DATA EXCERPT:
/---

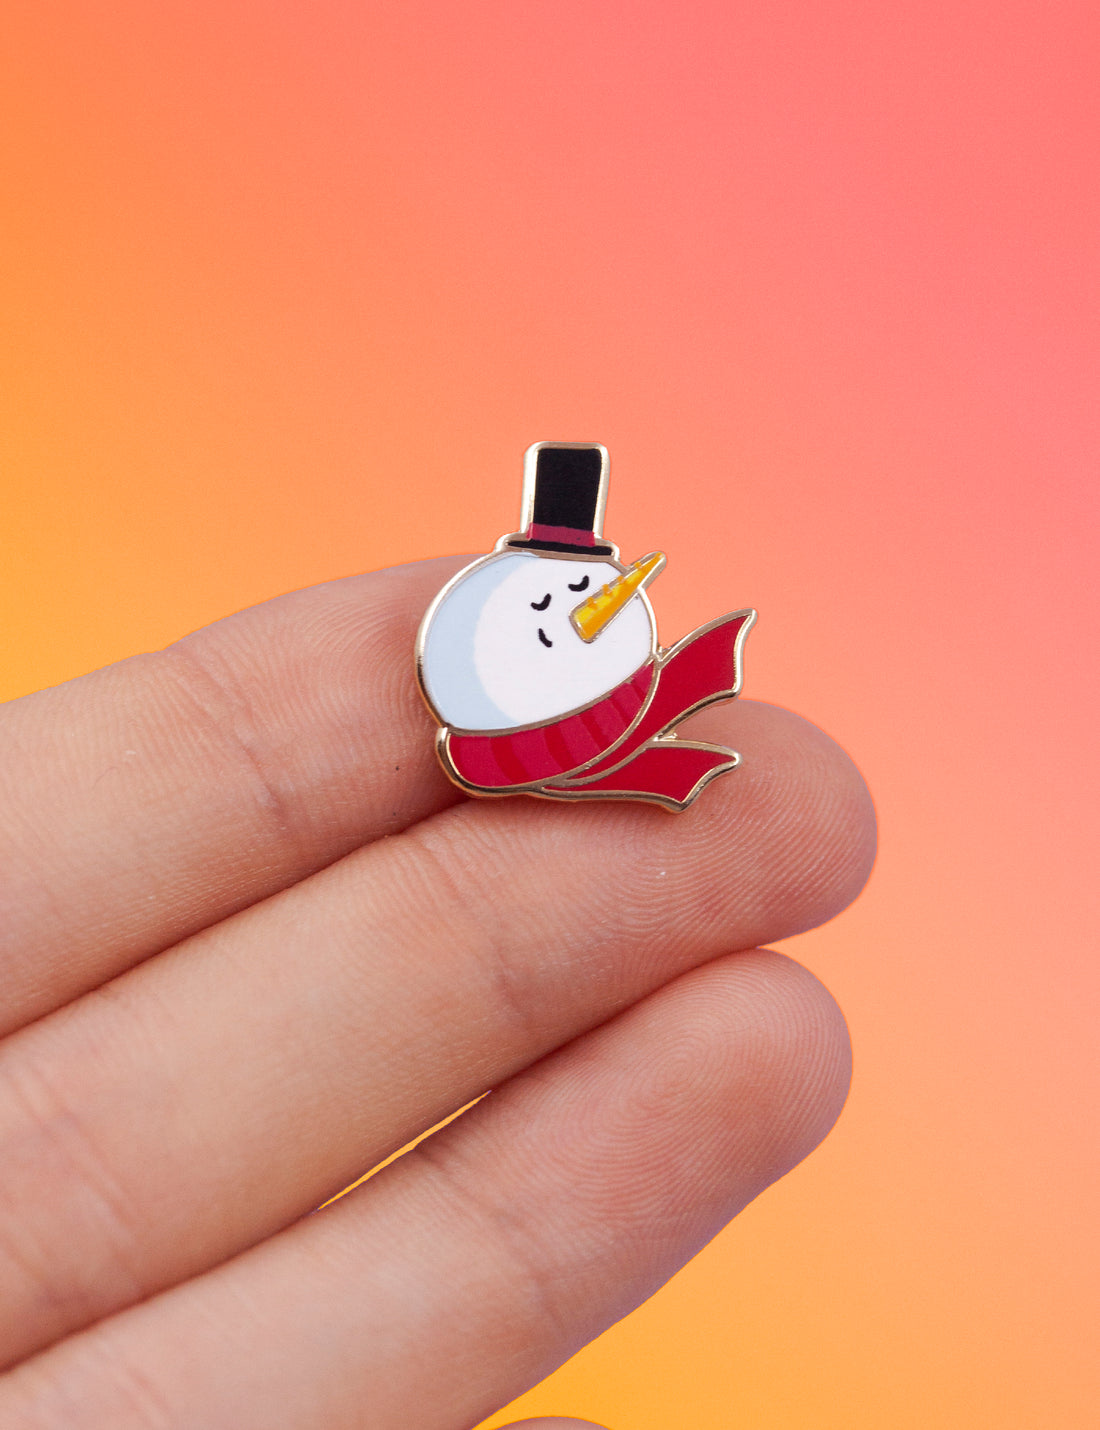 Snowman pin
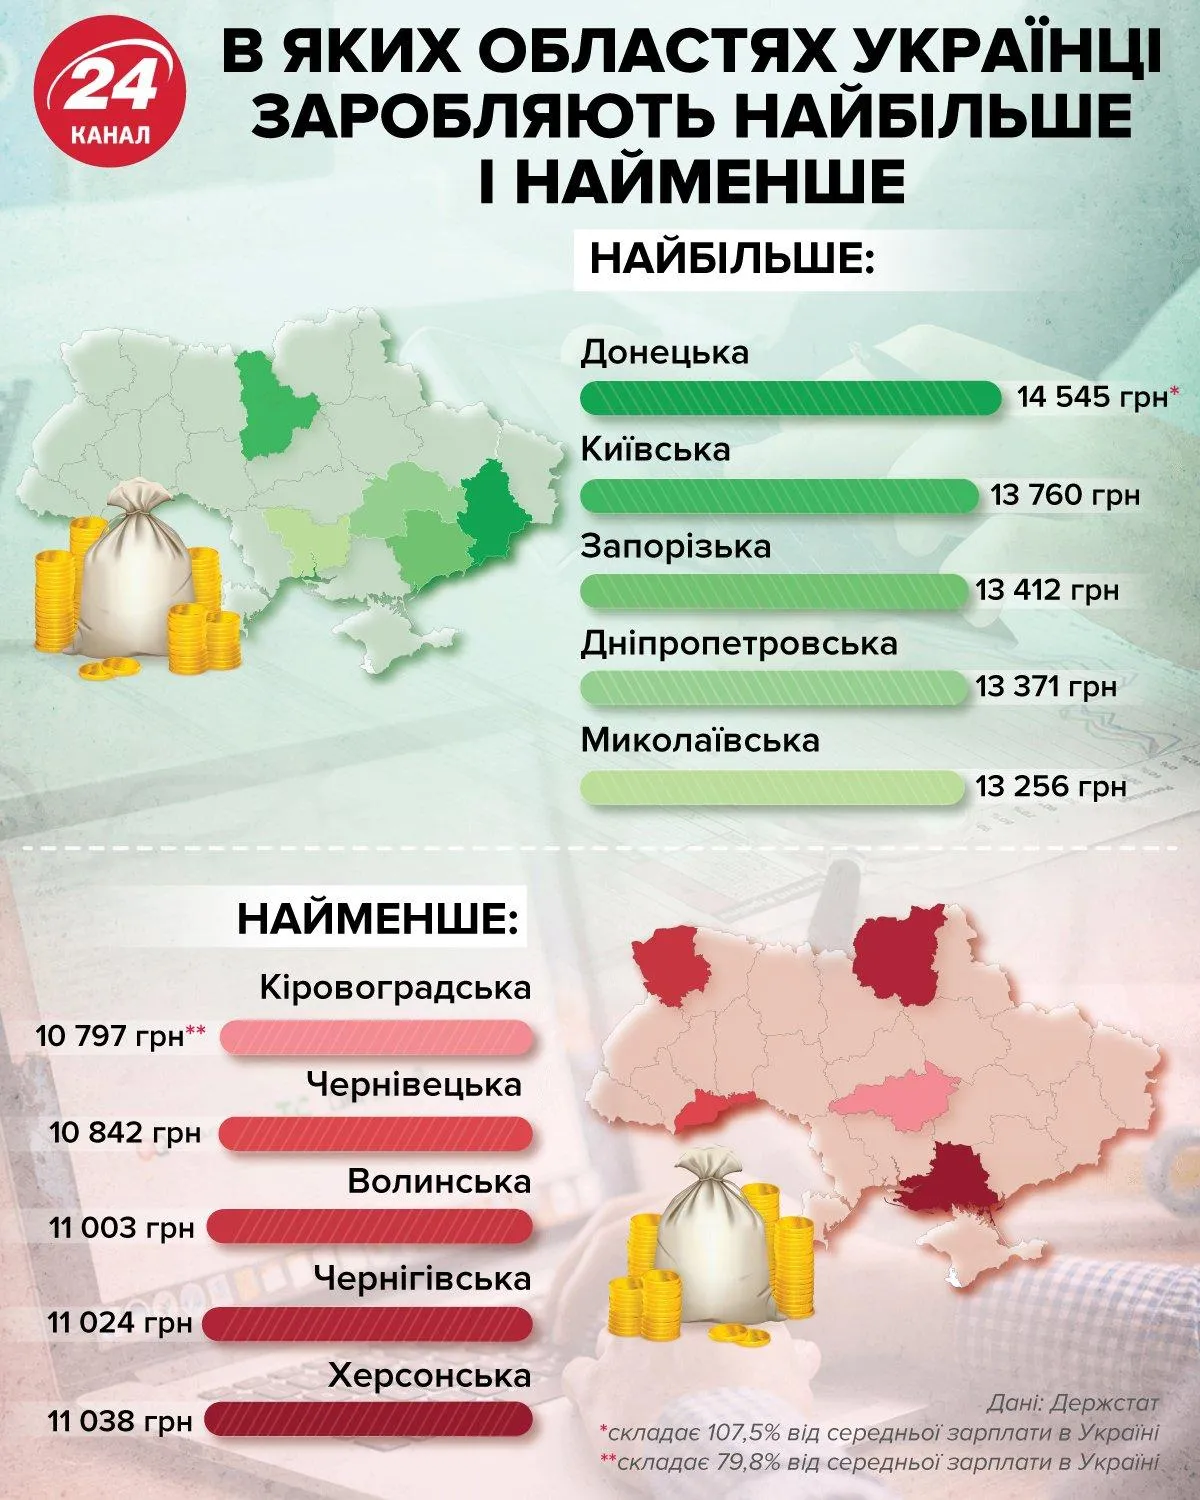 Найвищі та найнижчі зарплати в Україні
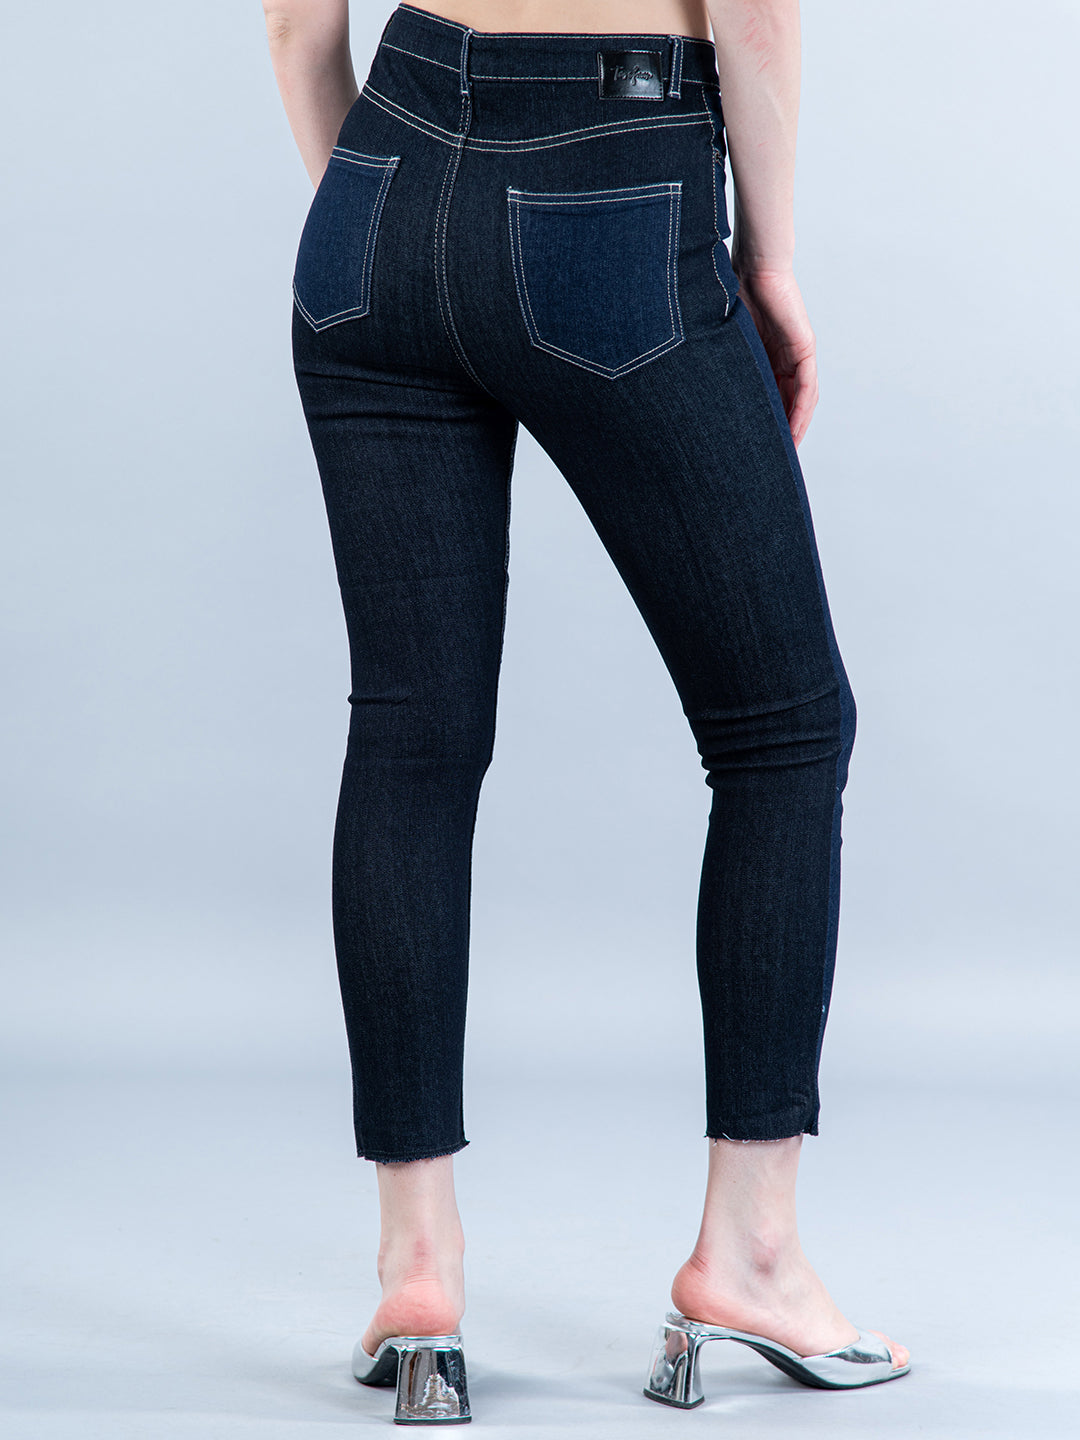 fancy jeans for girls

\---

WORK INSTRUCTIONS: When you retype the material above, keep every word exact and drop the images.

ANSWER SECTION:
 Snowman pin
 Найвищі та найнижчі зарплати в Україні
 fancy jeans for girls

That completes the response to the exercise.